### Exercise data
::::

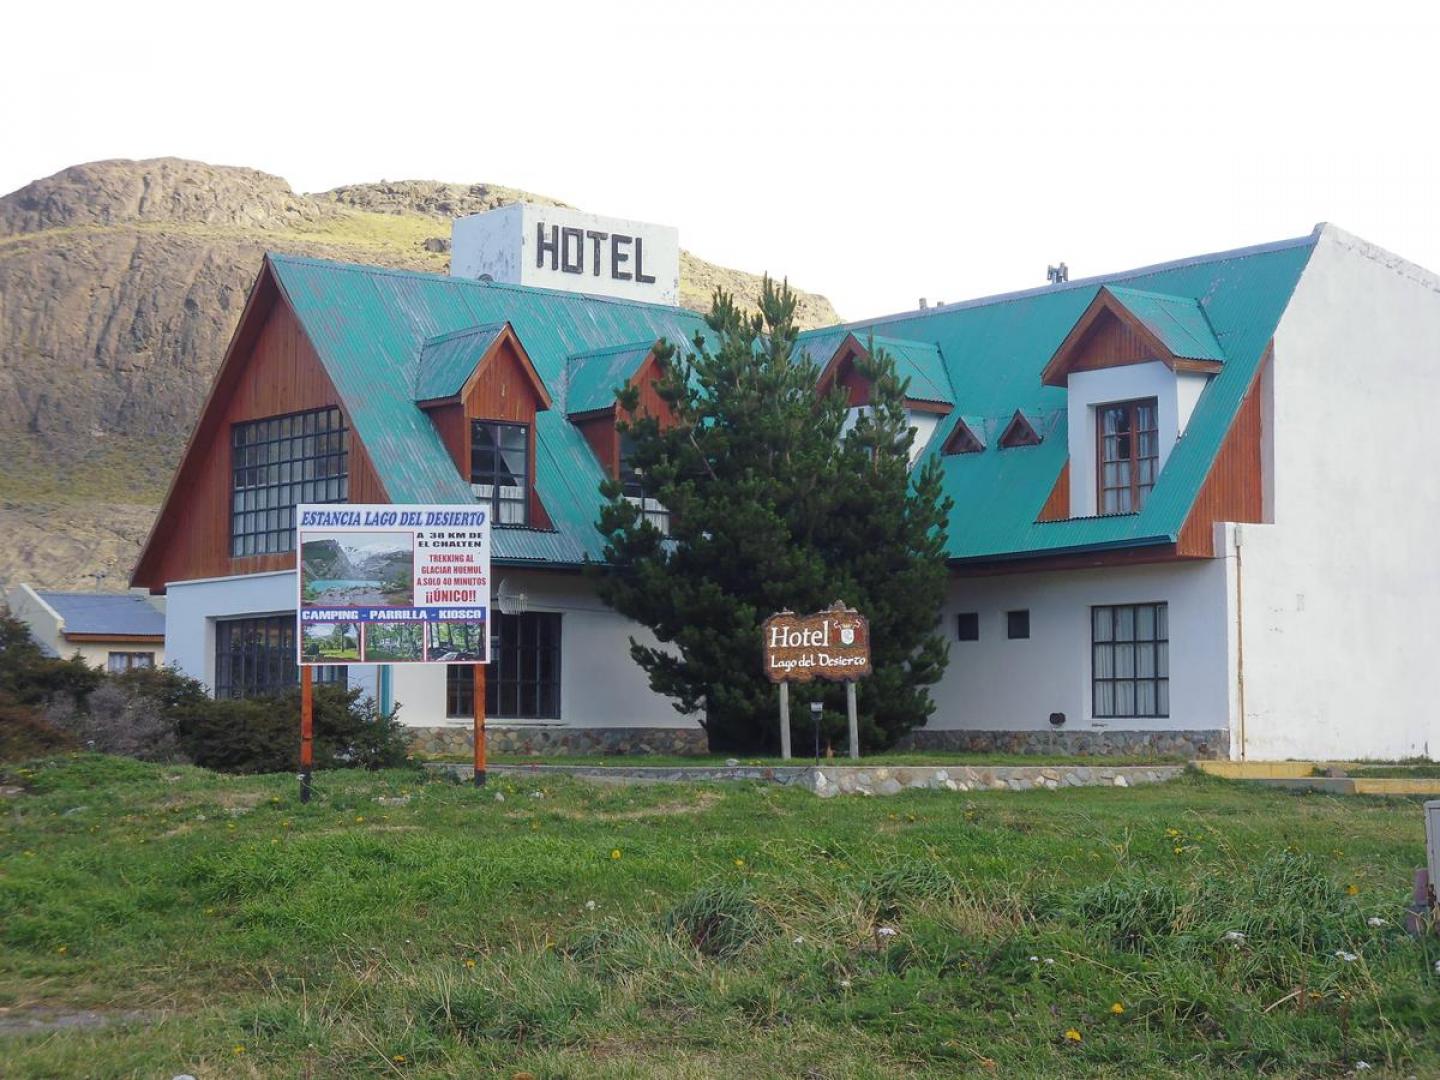 Hotel Lago del Desierto El Chalten
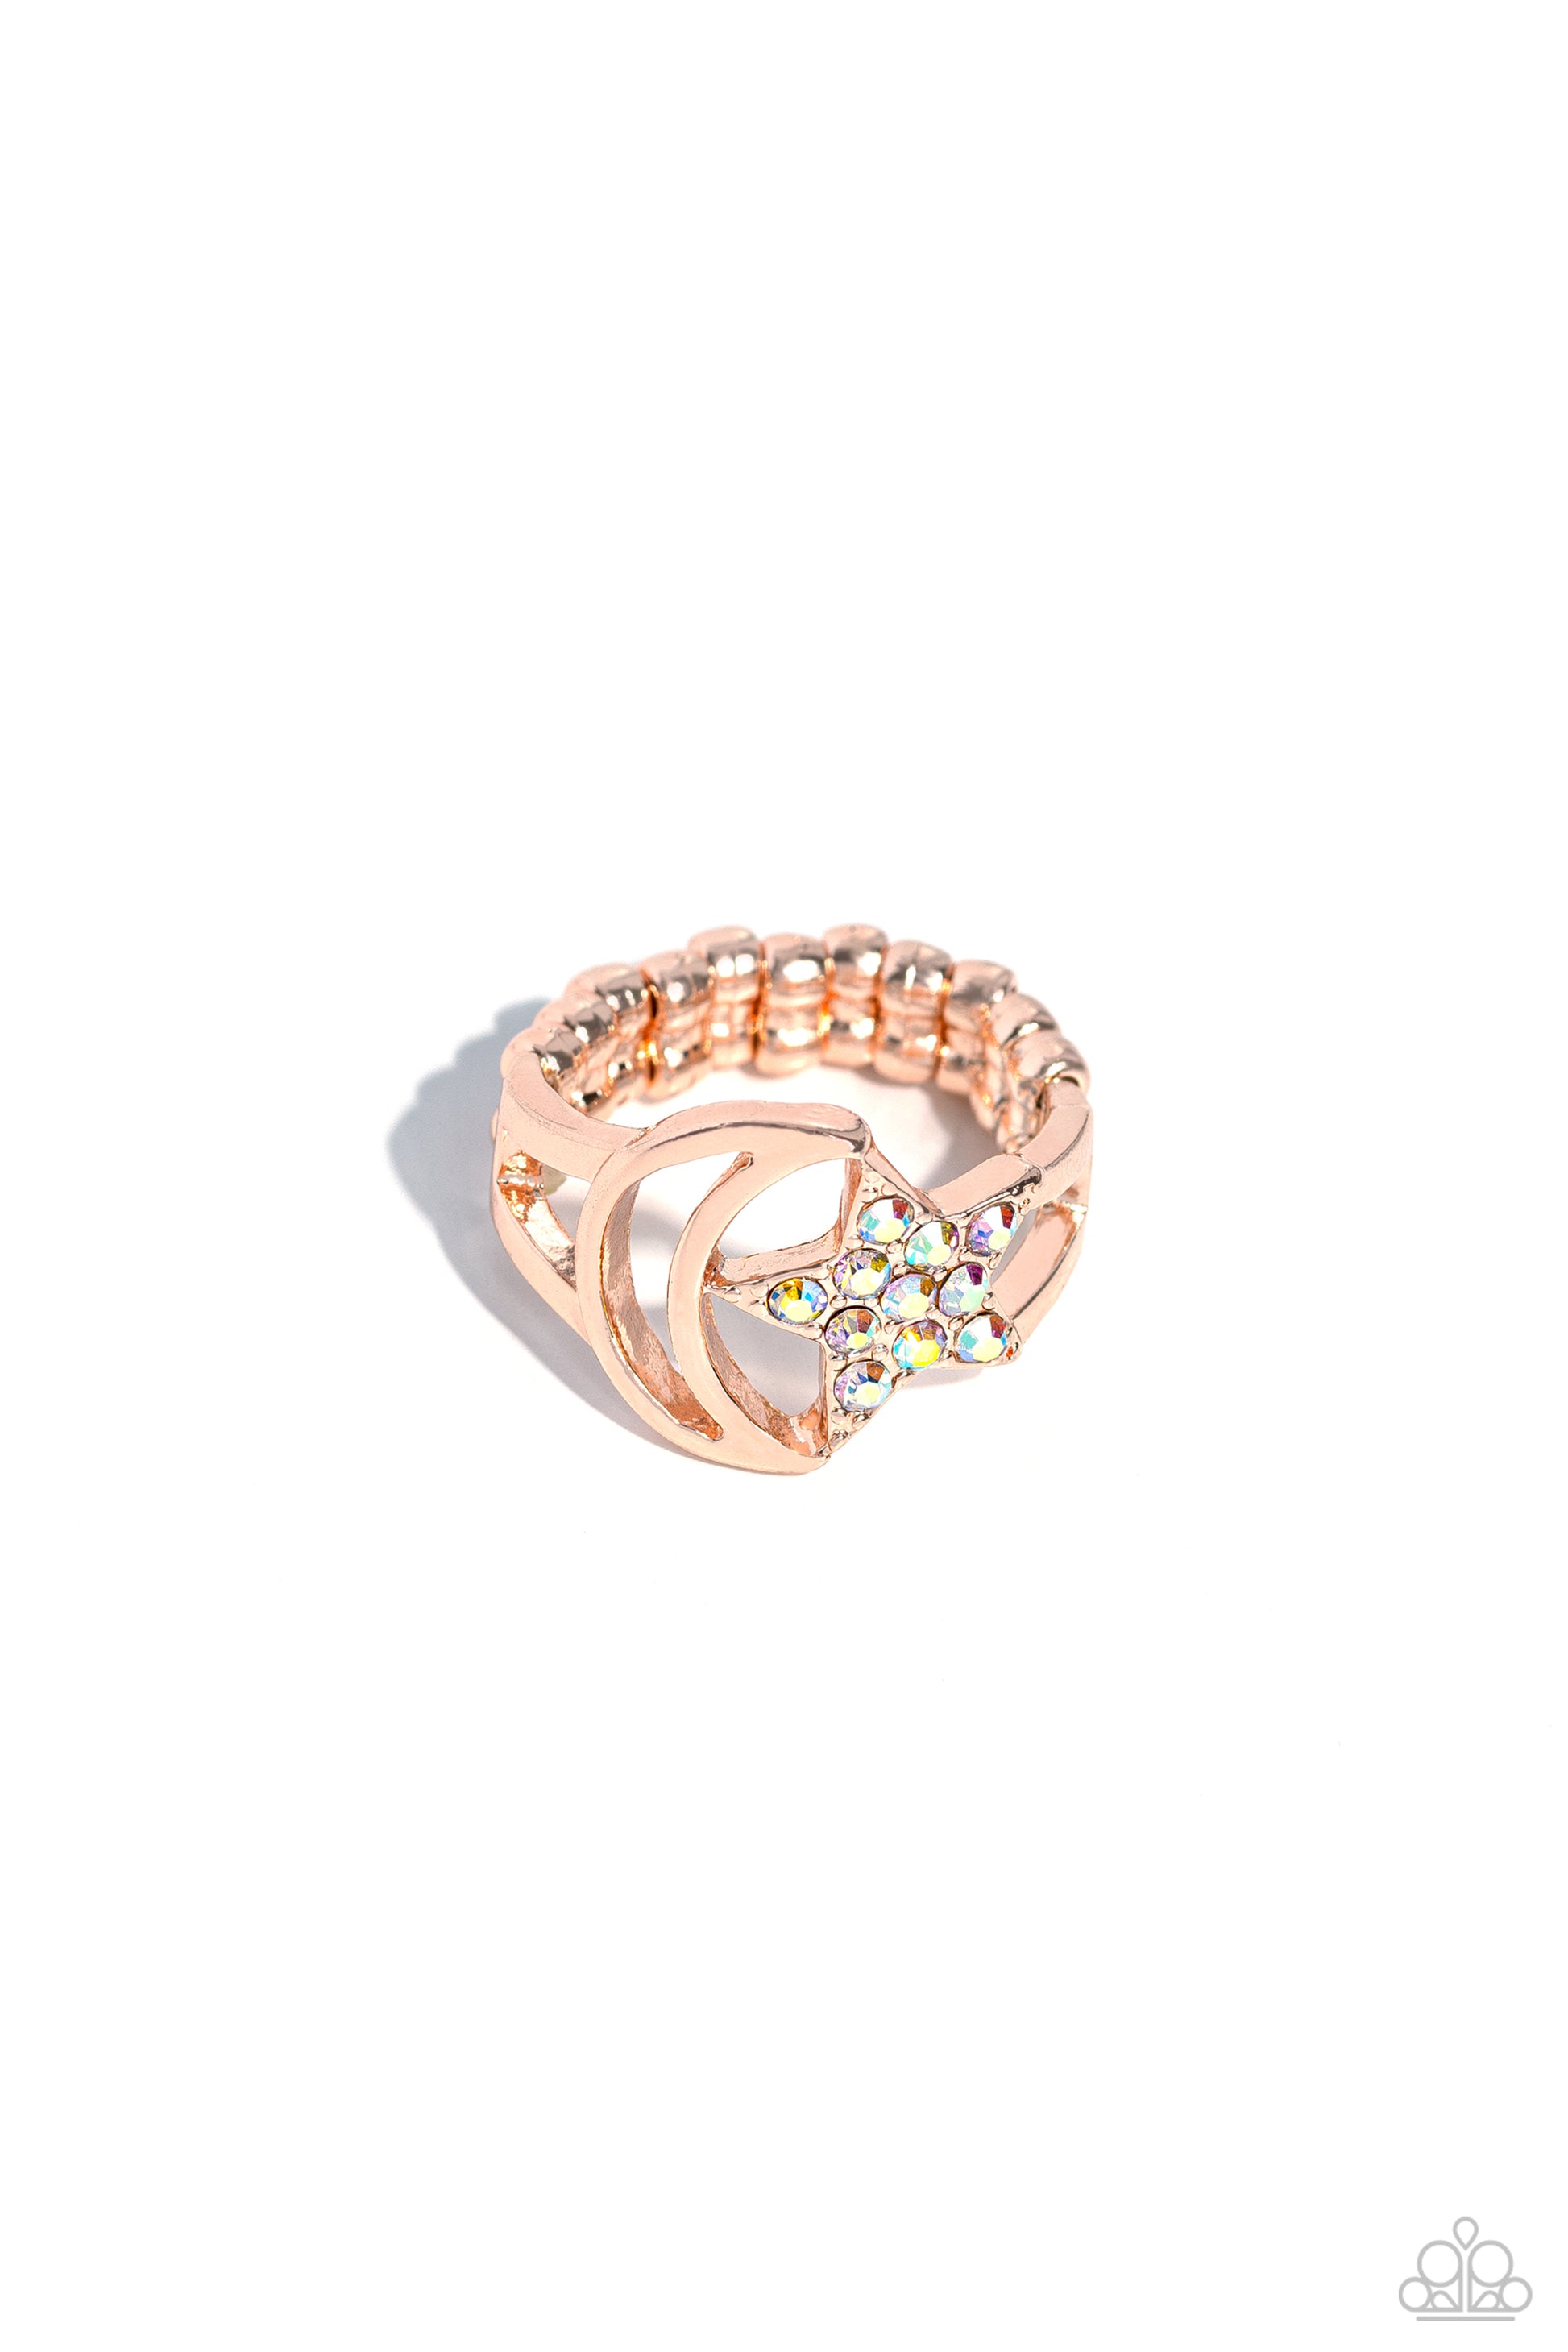 Stargazing Style - rose gold - Paparazzi ring
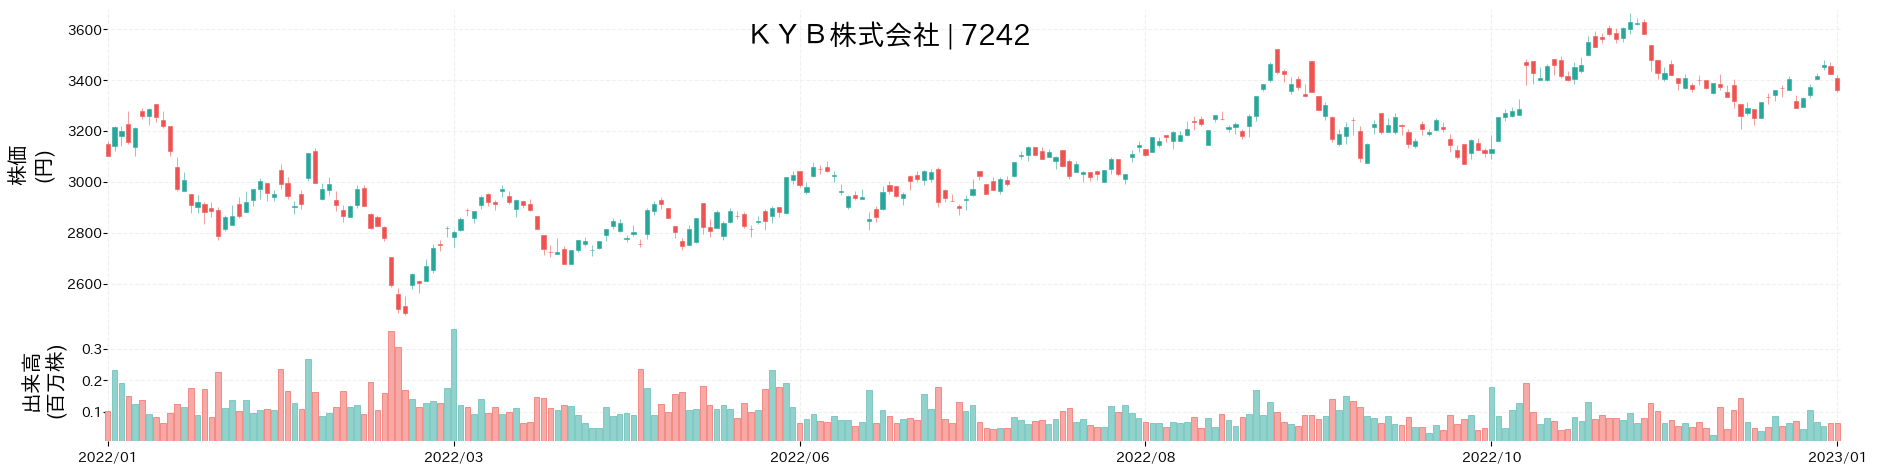 KYBの株価推移(2022)

::::

Output, exactly and without pictures, the span of lines that starts at the line containing "Stargazing Style - rose" and ends at the last line above.

### Answer space
 Stargazing Style - rose gold - Paparazzi ring
 KYBの株価推移(2022)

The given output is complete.